Nossa! Ele me respondeu como eu respondo em pensamento para todos. Isso me fez lembrar de uma frase: Se meus medos tomarem conta de mim, desisto, pois sou um baita medroso. Isso dizia muito sobre mim.
- Bom... Desculpe!
- Não tem problema. O que você quer?
- Fiquei curioso com sua dedicação aos manuscritos, por acaso escreves algo em especial?
- Estou trabalhando em uma teoria que rebaterá a relatividade de Einstein. Fiz algumas ponderações quanto aos movimentos celestes nos últimos dois anos, e se as integrais dos deslocamentos registrados forem confirmadas na teoria, posso alterar alguns conceitos conhecidos da astronomia.
De começo, achei que ele andava assistindo muito filme de faroeste, mas ao ver a quantidade de anotações que ele havia feito relacionadas aos movimentos celestes num certo período de tempo, fiquei espantado. Abismado. Maravilhado! Mal podia acreditar que um garoto franzino que morava onde o Judas perdeu o diploma do supletivo era um gênio. E suas teorias estavam visivelmente corretas.

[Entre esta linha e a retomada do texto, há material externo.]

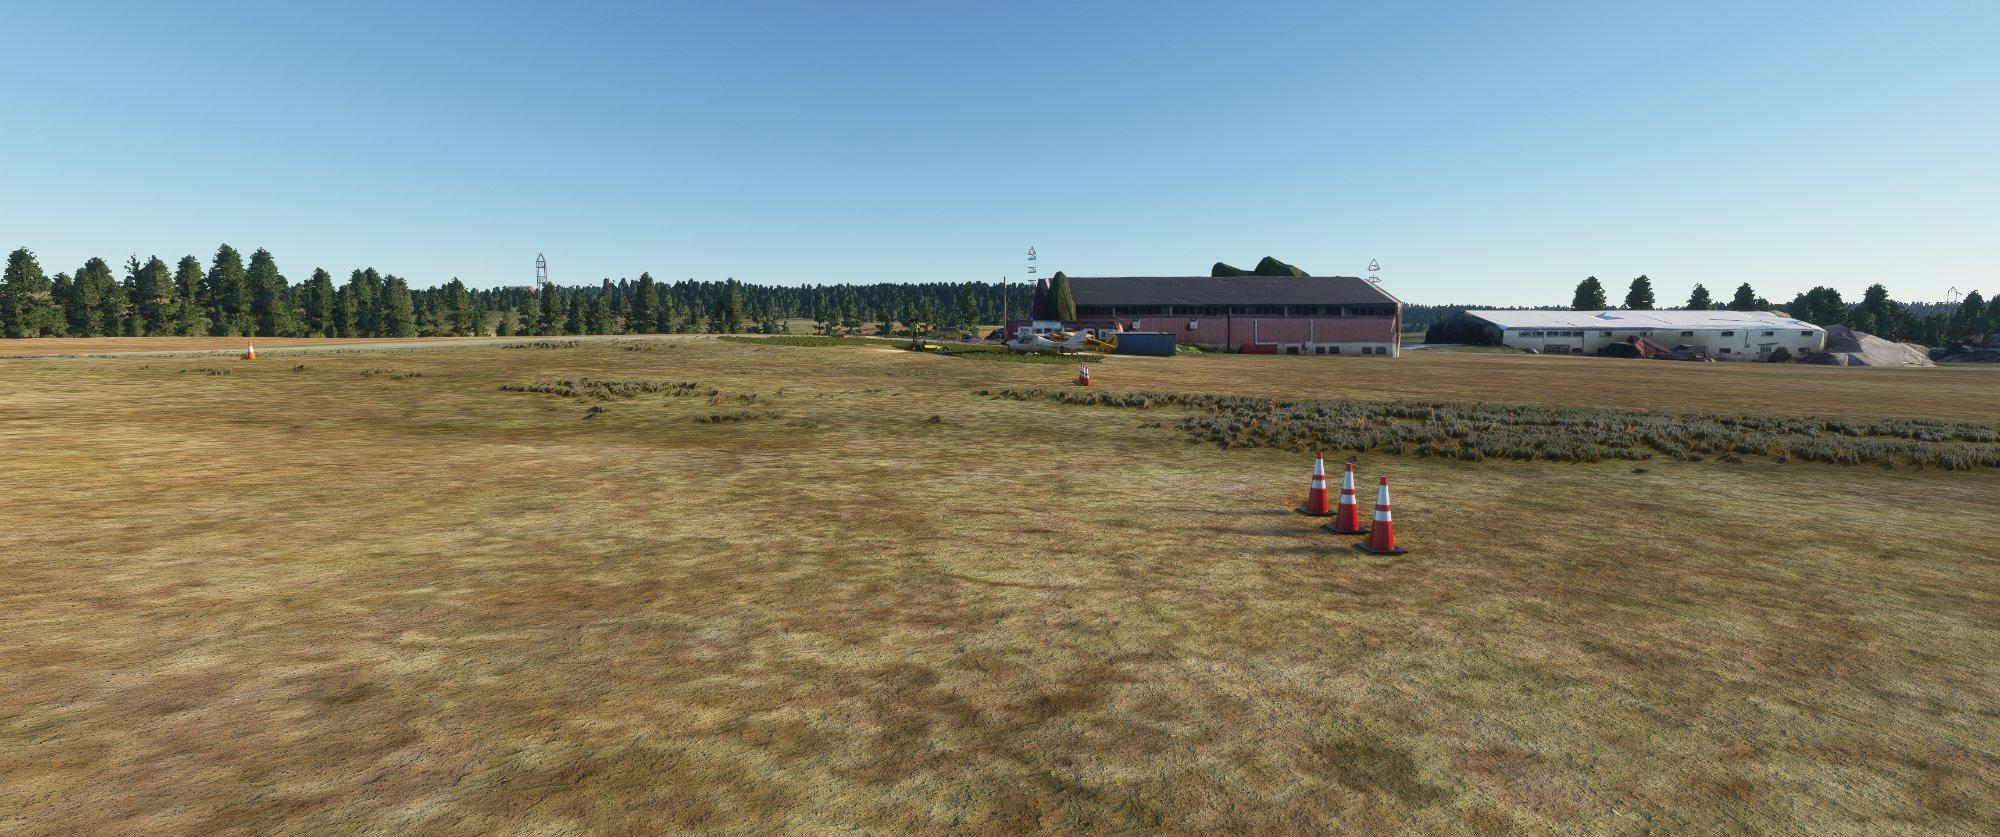 Microsoft Flight Simulator Screenshot 2020.11.06 - 12.17.23.44.jpg

Olhei folha por folha, questionei-o quanto as implicações. Ele respondeu tão naturalmente que colocava uma banca de doutorado no chinelo. Mas tudo estava indo tão bem que não me dei conta do tempo-espaço.

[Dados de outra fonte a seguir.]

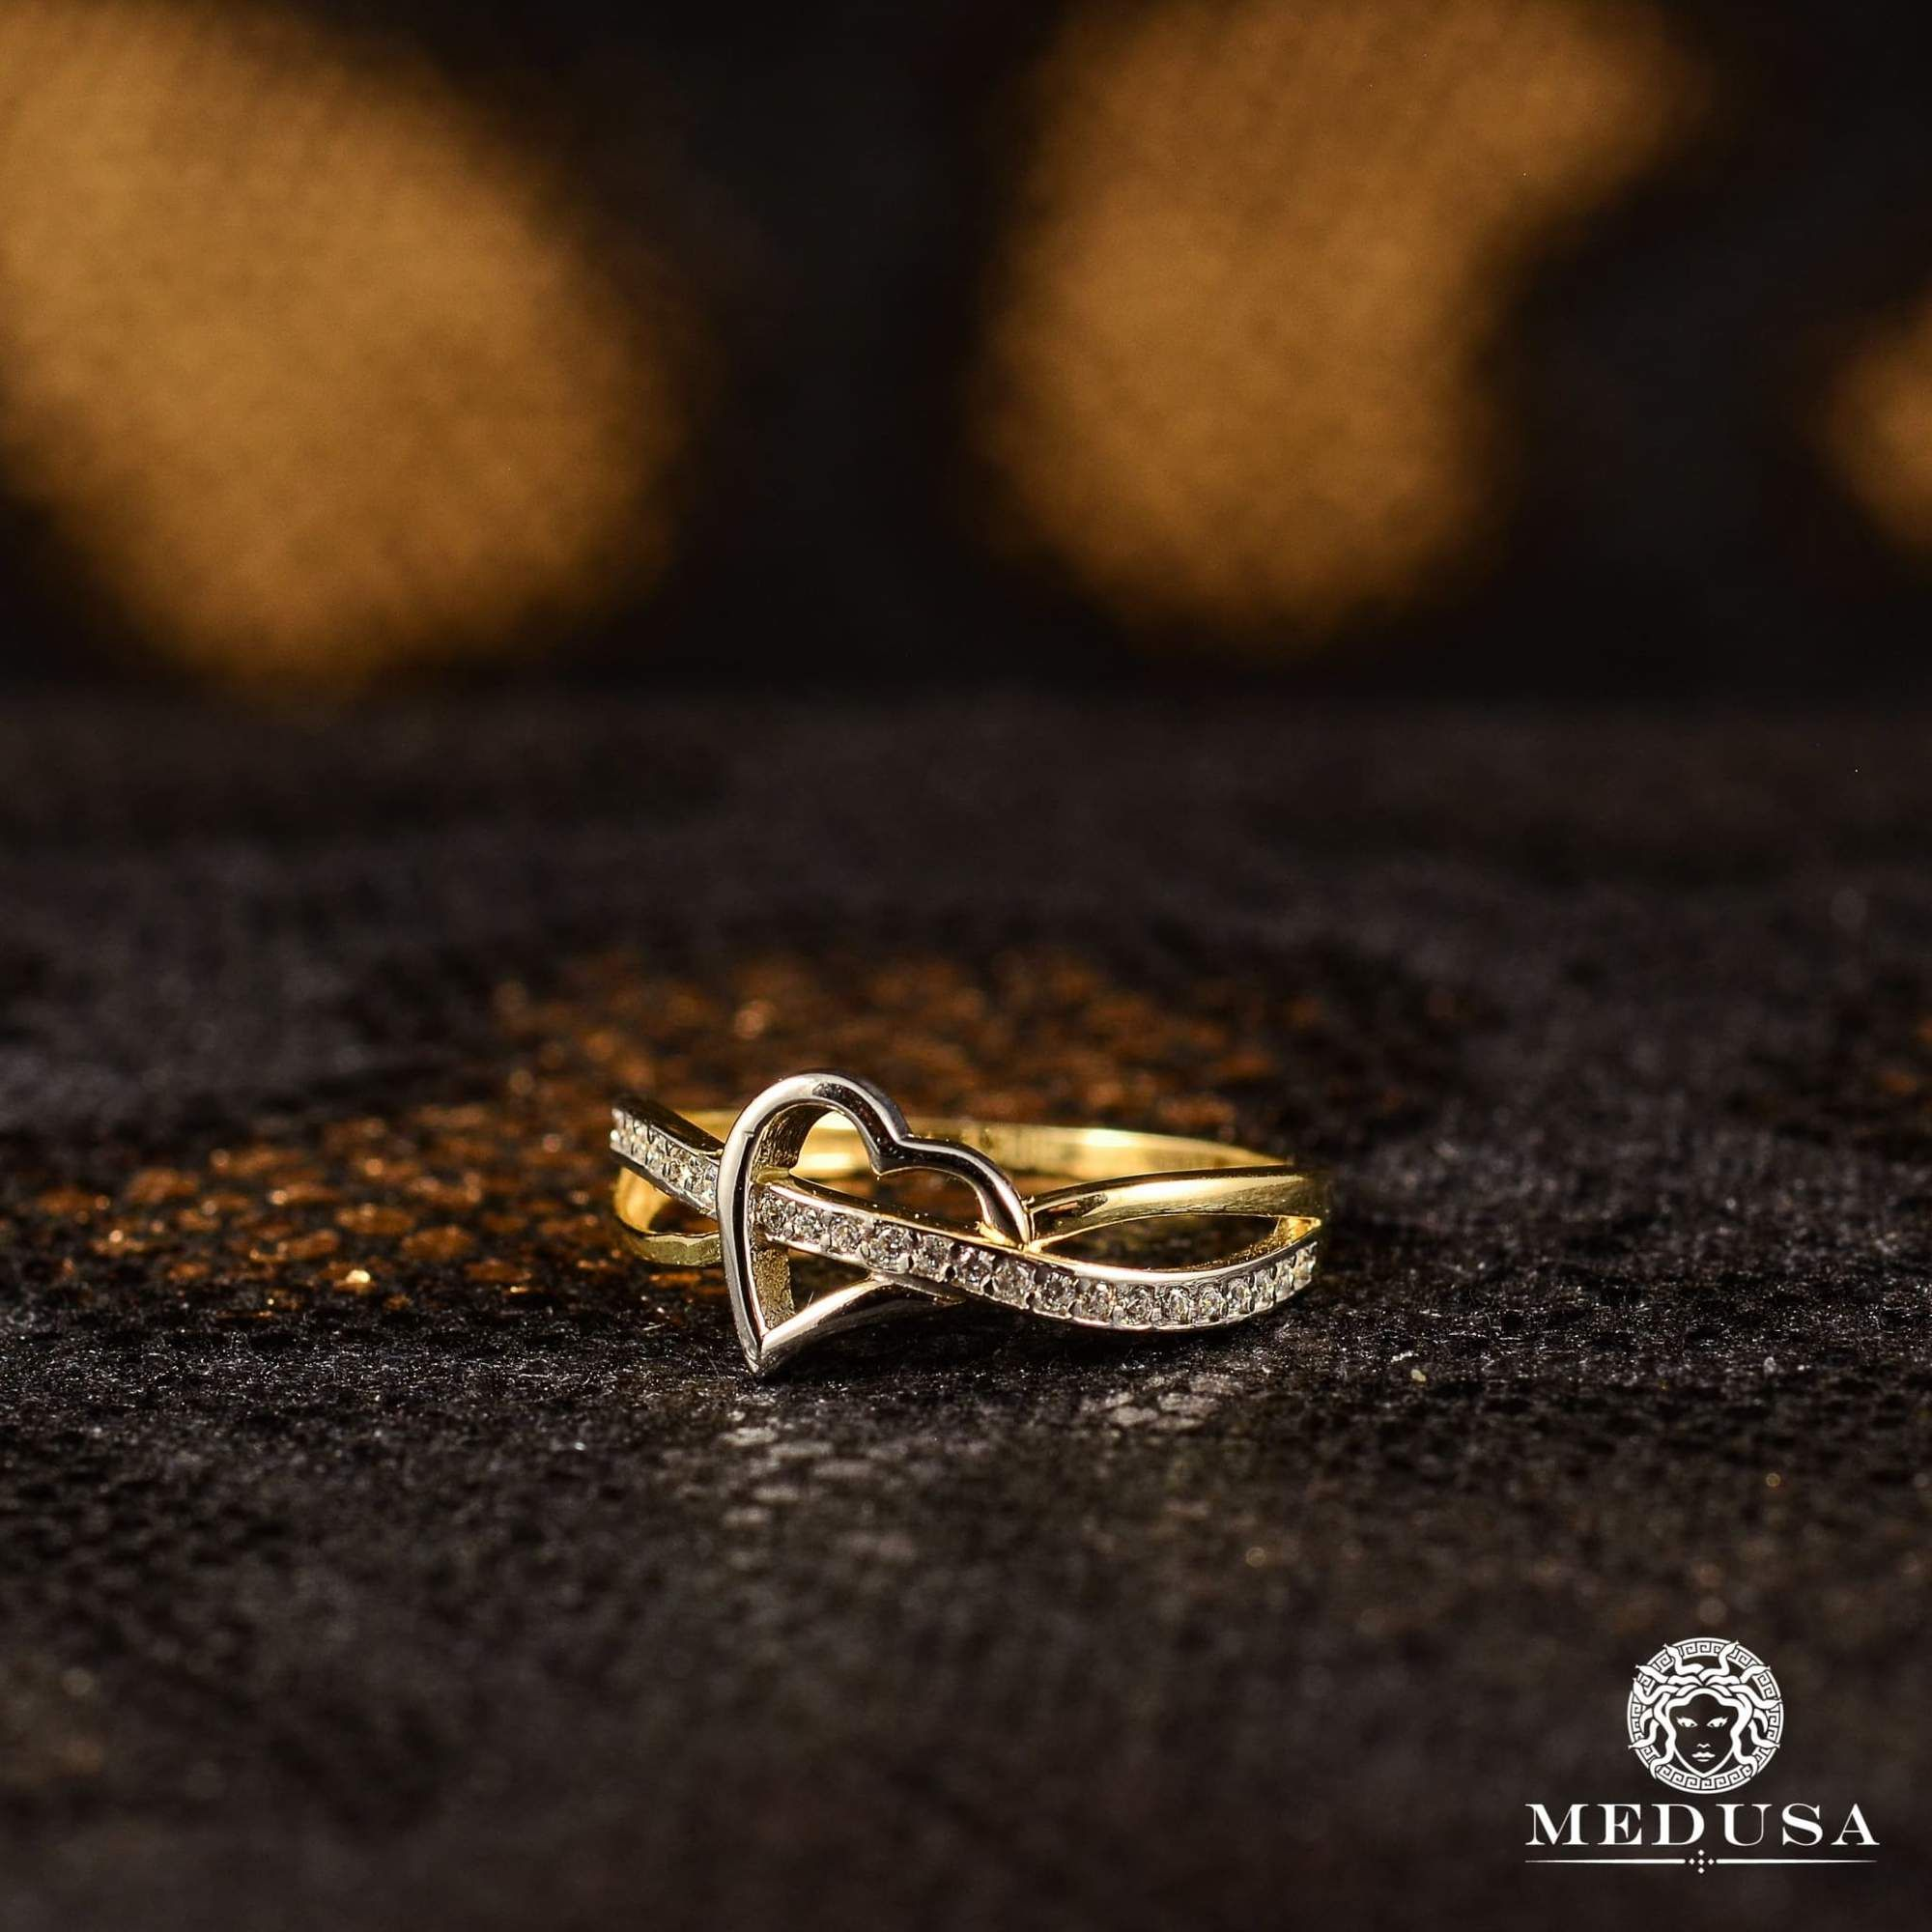 Heart F4 Silver rings, Rings, Engagement rings

Uma gritaria vinha da sala. A mulher de Leopoldo chegou no quarto e disse que um dos filhos da faixa etária de 15-22 havia descoberto algo impressionante: quando se colocava esponja de aço na ponta da antena da TV, a imagem melhorava. Eu não acreditava no que estava ouvindo. Dei de ombros. Como se adiantasse. A mulher me pegou pelo braço e me carregou até a sala para ver o ocorrido. Sim, o sinal parecia melhor. Mas a festa mal havia começado. Leopoldo sacou a viola e começou a tocar músicas para animar o ambiente, como se já não bastasse à euforia descontrolada. Eu entrei na roda, se não sairia rodando. Num certo ponto, Leopoldo disse:
- Vamos fazer uma fogueira!
E saíram todos para a rua, comigo e tudo mais. Amontoaram madeira, moveis estragados, entulho, guias de TV, tapetes, o cachorro, palha, etc. E tacaram fogo. Eu tentava entender se a comemoração era apenas uma desculpa por uma alegria momentânea entre a família. Não parecia, dado que os filhos carregavam sofás, camas, armários, demonstrando a certo ponto cansaço, mas sorriam como doidos. Notei que havia um conflito entre as formiguinhas que carregavam os móveis de casa. Não deu tempo de ver o que era, mas pude entender logo. Um dos filhos, este já da faixa de 23-29, jogava os cadernos do filho da faixa 3-10. Quando vi, não tive outra reação a não ser cair de joelhos e gritar:
- Nãããããããããããoooooooooo!!!!!!!!!!!!!!!!!!!!!!!!!!
Todos me olharam com desprezo. Inclusive o guri 3-10, que afirmou:
- Eles me convenceram que a imagem da TV havia melhorado.
Estava tudo acabado. Prêmio Nobel, riqueza, periódicos, nada mais. Senti-me como um índio tentando provar que havia chegado primeiro à América. Em vão.
Fui para a casa, desolado. Já era noite e tinha que trabalhar (ou fingir) no dia seguinte. Peguei no sono. 15 minutos depois, madrugada adentro, ouço batidas na porta. Quando abro, ainda tentando abrir os olhos também, me deparo com Leopoldo e sua numerosa família.
- Podemos ficar aqui essa noite?
Eles haviam queimado a casa inteira no fogaréu. Eu ainda morava num JK sem quarto. A noite era uma criança. Mas algo me fez continuar pensando no futuro das crianças, apesar de tudo. O menino 3-10 me confessou: havia jogado a TV na fogueira. Ao menos ninguém mais morreria premeditadamente por um longo tempo.